The limitation of calculating loss on the training dataset is examples from each class are treated the same, which for imbalanced datasets means that the model is adapted a lot more for one class than another. Class weight allowing the model to pay more attention to examples from the minority class than the majority class in datasets with a severely skewed class distribution.

This tutorial demonstrates how to create a loss function for an imbalanced dataset in which minority class proportionally to its underrepresentation. You will use PyTorch to define the loss function and class weights to help the model learn from the imbalanced data.

First, generate a random dataset, then we can summarize the class distribution to confirm that the dataset was created as we expected.

x = torch.randn(20, 5) #The input is expected to contain raw, unnormalized scores for each class.

y = torch.randint(0, 5, (20,))

print(Counter(y.numpy())) #Counter({1: 5, 4: 5, 1: 4, 0: 4, 3: 2})

We can see that the dataset has an imbalanced class distribution.

Class Weight

To calculate the proper weights for each class, you can use the sklearn utility function shown in the example below.

class_weights=class_weight.compute_class_weight('balanced',np.unique(y),y.numpy())
class_weights=torch.tensor(class_weights,dtype=torch.float)

print(class_weights) #([1.0000, 1.0000, 4.0000, 1.0000, 0.5714])

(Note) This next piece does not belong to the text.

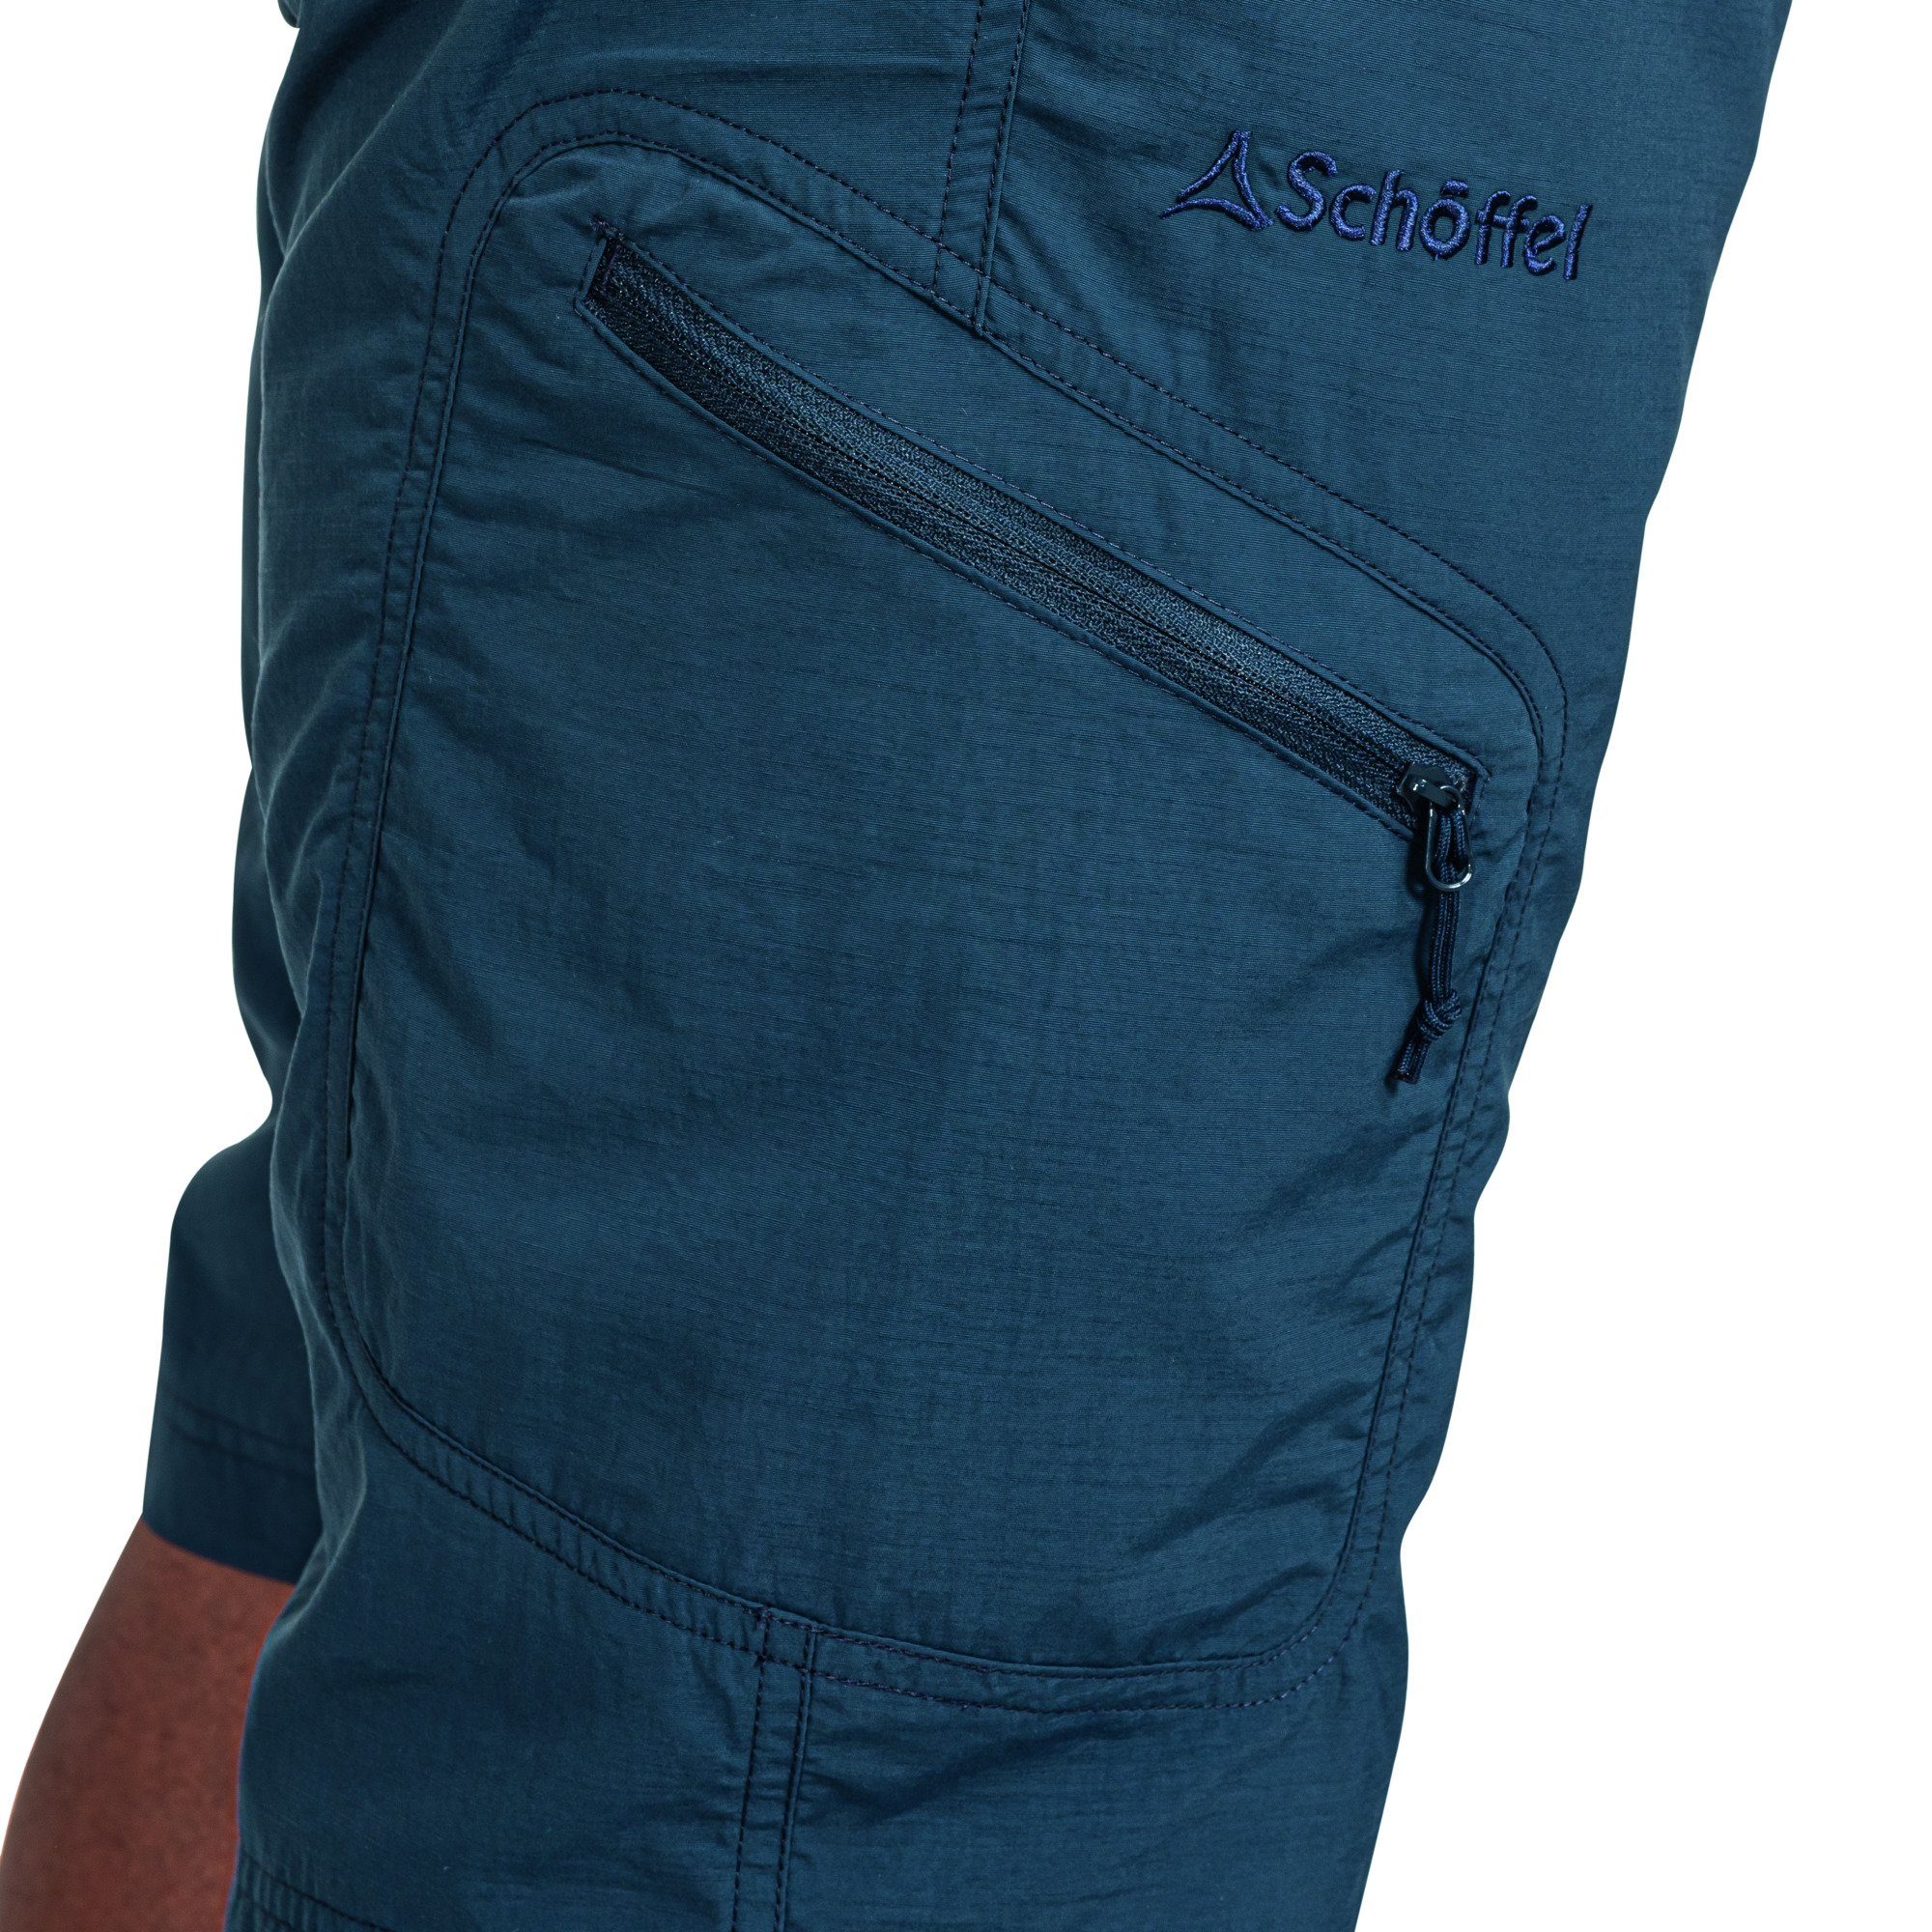 Schöffel Silvaplana2 Shorts 8180 dress Country blues Schöffel Bermudas

Class weight penalizes mistakes in samples of class[i] with class_weight[i] instead of 1. So higher class-weight means you want to put more emphasis on a class.

Loss Function

The CrossEntropyLoss() function that is used to train the PyTorch model takes an argument called “weight”. This argument allows you to define float values to the importance to apply to each class.

criterion_weighted = nn.CrossEntropyLoss(weight=class_weights,reduction='mean')
loss_weighted = criterion_weighted(x, y)

weight should be a 1D Tensor assigning weight to each of the classes.

reduction=’mean’: the loss will be normalized by the sum of the corresponding weights for each element. It is the default.

reduction=’none’: you would have to take care of the normalization yourself.

Usually, you increase the weight for minority classes, so that their loss also increases and forces the model to learn these samples.